**WORK REQUEST:**
Leaving the pictures aside, return the listing exactly as it appears.
━━━ INFORMATION SUPPLIED
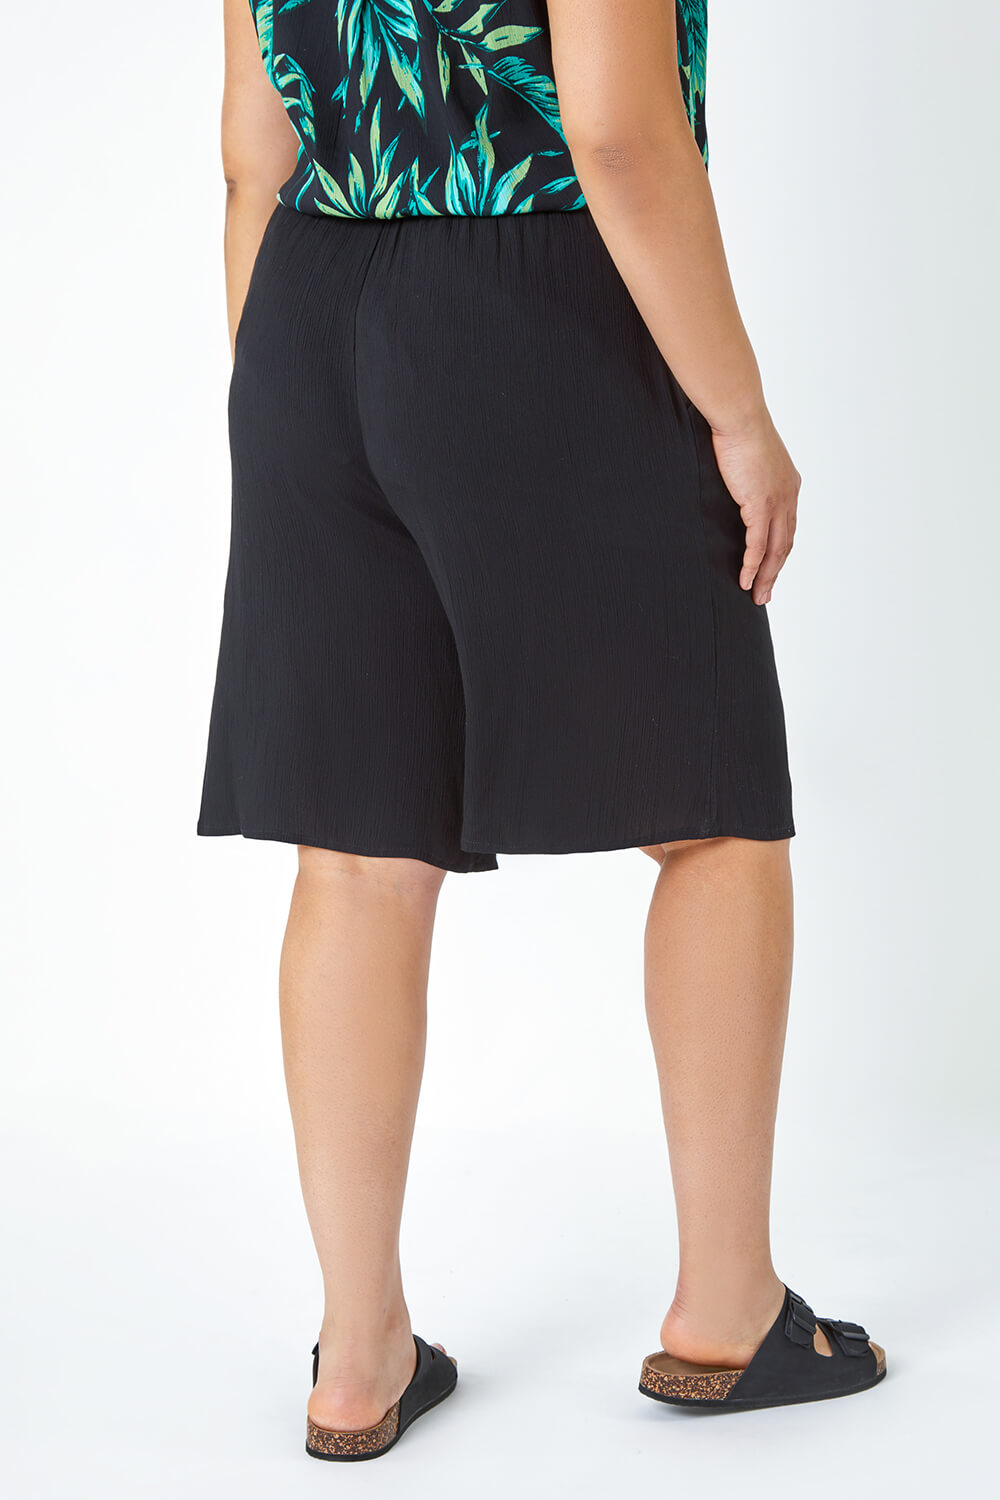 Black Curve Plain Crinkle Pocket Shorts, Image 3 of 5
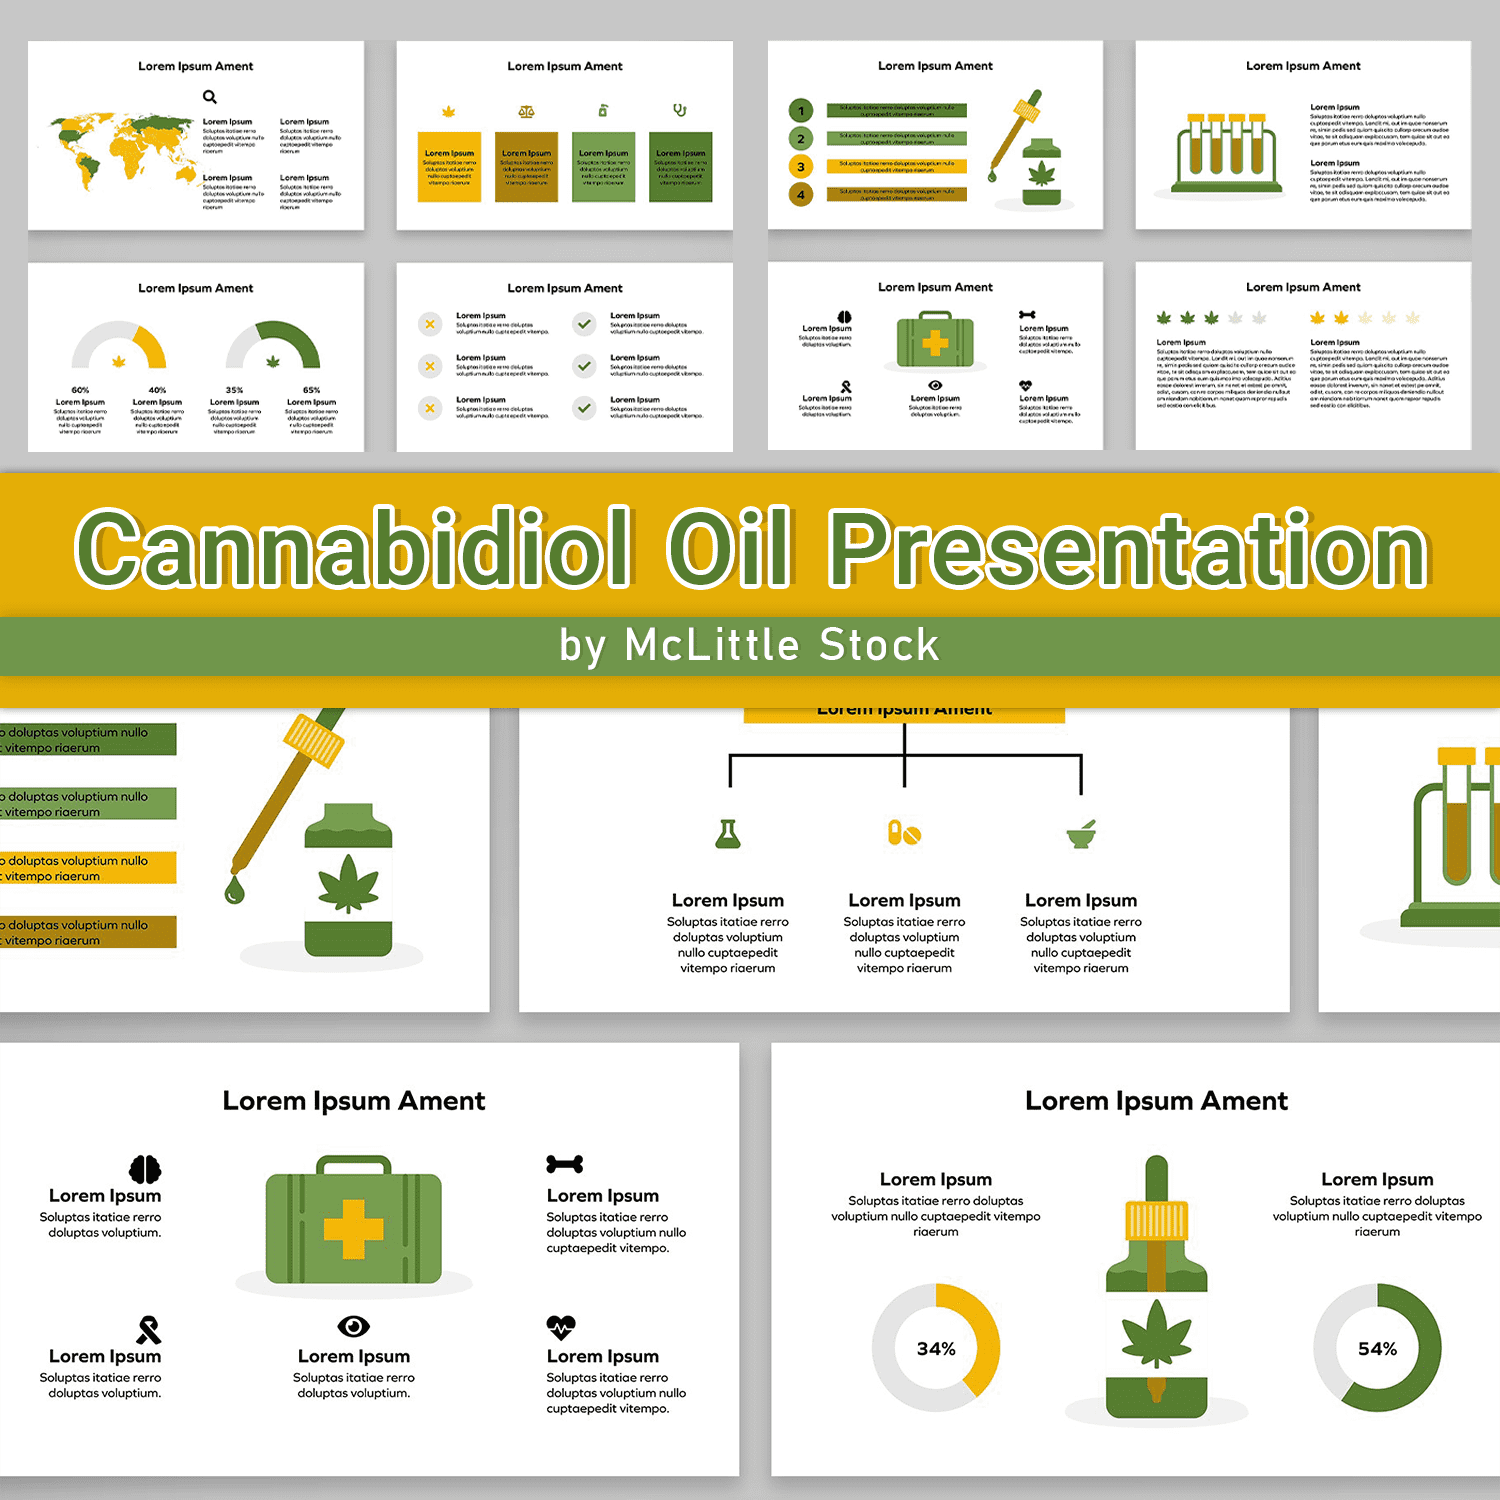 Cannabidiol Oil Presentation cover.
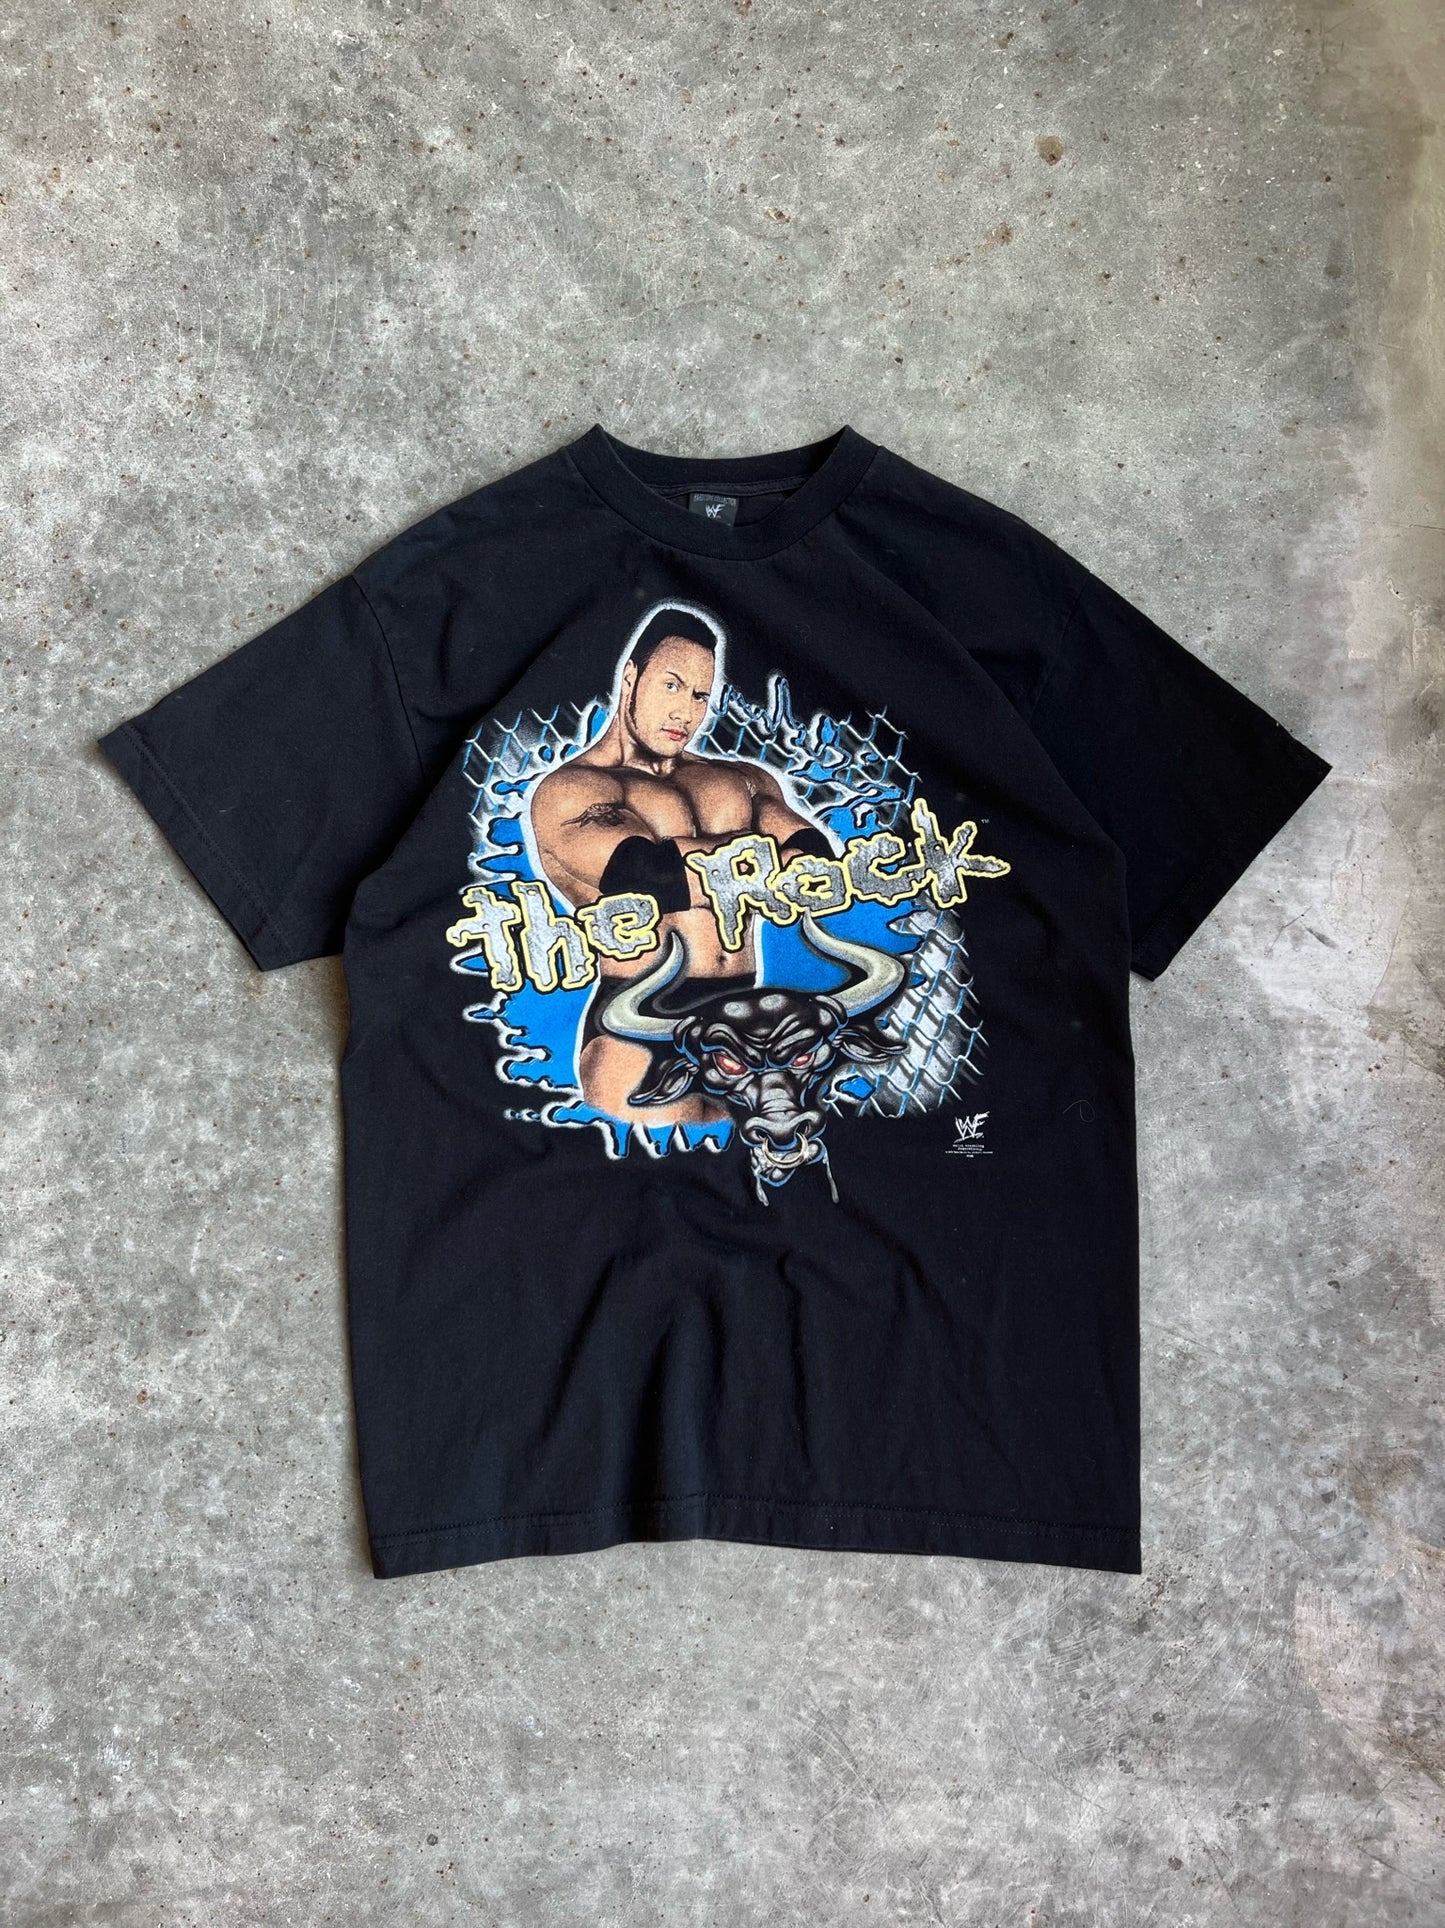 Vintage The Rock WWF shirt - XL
━━━━━━
**EXERCISE RESULT:**
 Black Curve Plain Crinkle Pocket Shorts, Image 3 of 5
 Cannabidiol Oil Presentation cover.
 Vintage The Rock WWF shirt - XL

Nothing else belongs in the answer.